Mavacamten, primer fármaco de esta clase incorporado a la práctica clínica que demostró reducir el gradiente del tracto de salida del ventrículo izquierdo (TSVI), mejorar la clase funcional, el estado de salud y disminuir la necesidad de terapia de reducción septal en pacientes seleccionados. Sin embargo, su irrupción obliga a reformular una pregunta esencial: ¿cómo integrar esta nueva terapia con la imagen cardiovascular y con la evaluación de riesgo y pronóstico? El reto actual ya no es solamente identificar al paciente con obstrucción, sino reconocer qué fenotipo puede beneficiarse más, cómo monitorizar la respuesta y hasta qué punto el remodelado observado se traducirá en una modificación real del riesgo a largo plazo.
Problema actual
El enfoque convencional de la MCH obstructiva se ha construido sobre variables relativamente estáticas: gradiente basal o provocado, grosor parietal máximo, presencia de movimiento sistólico anterior mitral, síntomas y respuesta a betabloqueantes o calcioantagonistas. Ese modelo sigue siendo útil, pero hoy es insuficiente. En primer lugar, porque la carga fisiopatológica de la enfermedad no queda completamente capturada por el gradiente; pacientes con gradientes similares pueden diferir de forma marcada en rigidez diastólica, tamaño y función auricular izquierda, magnitud de la insuficiencia mitral, fibrosis miocárdica y reserva funcional. En segundo lugar, porque la toma de decisiones terapéuticas continúa muy centrada en aliviar síntomas, mientras que la estratificación pronóstica se realiza por carriles paralelos, especialmente en lo referente al riesgo arrítmico.
Las guías contemporáneas incorporan los inhibidores de la miosina como opción en adultos con MCH obstructiva sintomática persistente pese al tratamiento de primera línea, pero no resuelven por completo qué perfil de imagen define mejor a los respondedores, qué umbrales deberían gatillar ajustes más finos o cómo reinterpretar variables pronósticas una vez iniciado el tratamiento. La propia monitorización ecocardiográfica obligatoria, incluida la vigilancia de la fracción de eyección, subraya que no se trata de una estrategia “set and forget”, sino de una intervención dependiente de fenotipo, dosis y seguimiento estrecho.
Además, persisten lagunas importantes en dos terrenos. El primero es la MCH no obstructiva: aunque estudios tempranos mostraron señales biológicas favorables, el ensayo ODYSSEY-HCM no alcanzó sus objetivos clínicos primarios, recordando que no toda hipercontractilidad se traduce en un blanco terapéutico equivalente. El segundo es el pronóstico duro. Mejorar gradiente, NT-proBNP o volúmenes auriculares no equivale todavía a demostrar reducción de muerte súbita, progresión a insuficiencia cardíaca o fibrilación auricular. Esta brecha entre plausibilidad biológica y evidencia pronóstica es, quizá, el punto crítico del debate actual.
Evidencia actual
La evidencia disponible respalda con solidez el uso de mavacamten en la MCH obstructiva sintomática. EXPLORER-HCM estableció la prueba de concepto clínica al mostrar mejoría de capacidad funcional, clase NYHA, estado de salud y reducción significativa del gradiente del TSVI. Más allá del alivio hemodinámico, el subestudio de RMC demostró cambios favorables en la estructura cardíaca, con reducción de masa ventricular izquierda, del tamaño auricular izquierdo y de parámetros consistentes con menor carga mecánica. Estos hallazgos consolidaron la idea de que la terapia no sólo “aplana” el gradiente, sino que puede inducir remodelado reverso.

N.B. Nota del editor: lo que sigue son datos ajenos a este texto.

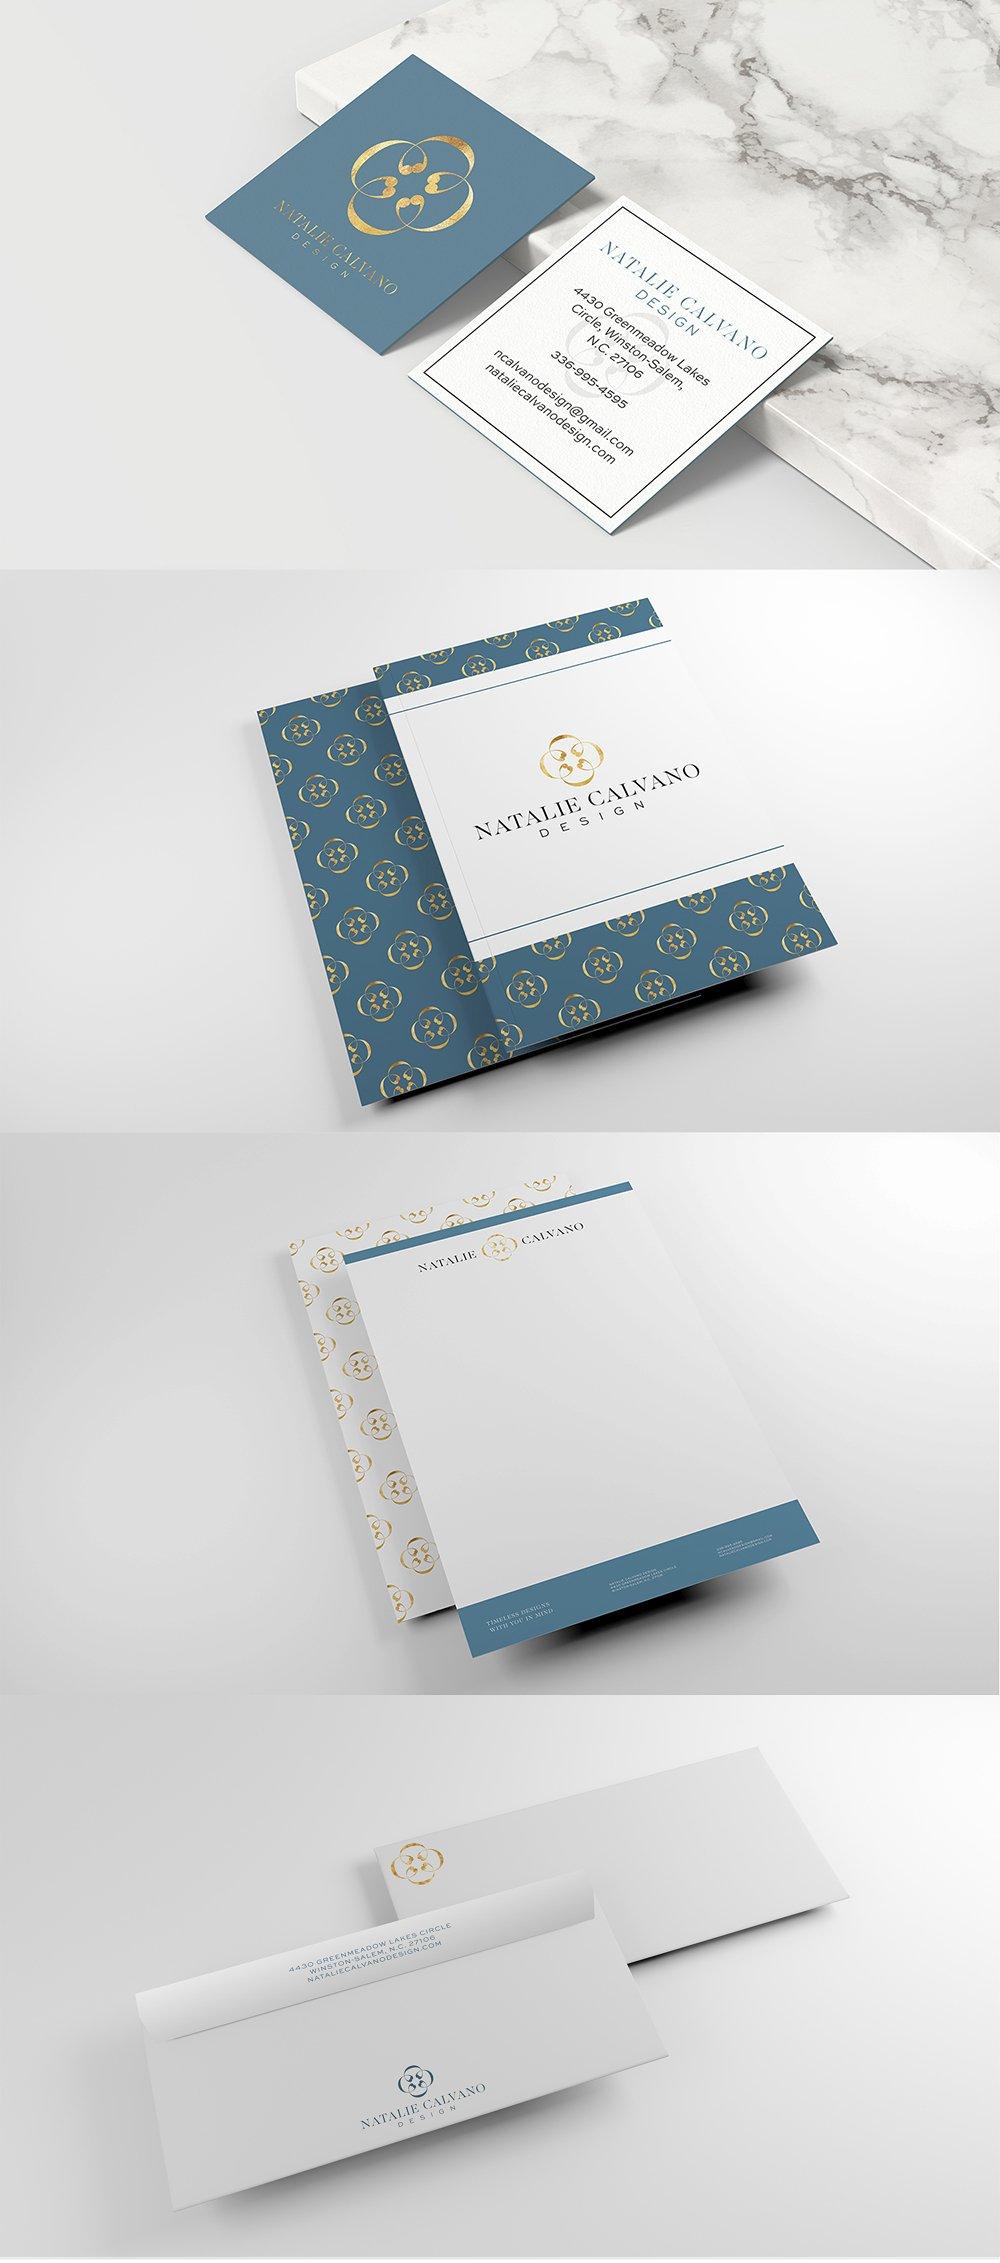 stationery suite design for interior designer Natalie Calvano

VALOR-HCM añadió una dimensión práctica decisiva: en pacientes ya considerados candidatos a reducción septal, mavacamten redujo de forma marcada la elegibilidad para intervención invasiva. El seguimiento hasta 128 semanas sugiere que este beneficio puede sostenerse en el tiempo y que la mayoría de los pacientes permanece libre de reducción septal durante el tratamiento prolongado. En paralelo, la extensión a largo plazo MAVA-LTE mostró mantenimiento de la mejoría sintomática y hemodinámica por más de tres años, con reducciones transitorias y reversibles de la fracción de eyección en una minoría de casos, lo que reafirma la necesidad de titulación guiada por imagen.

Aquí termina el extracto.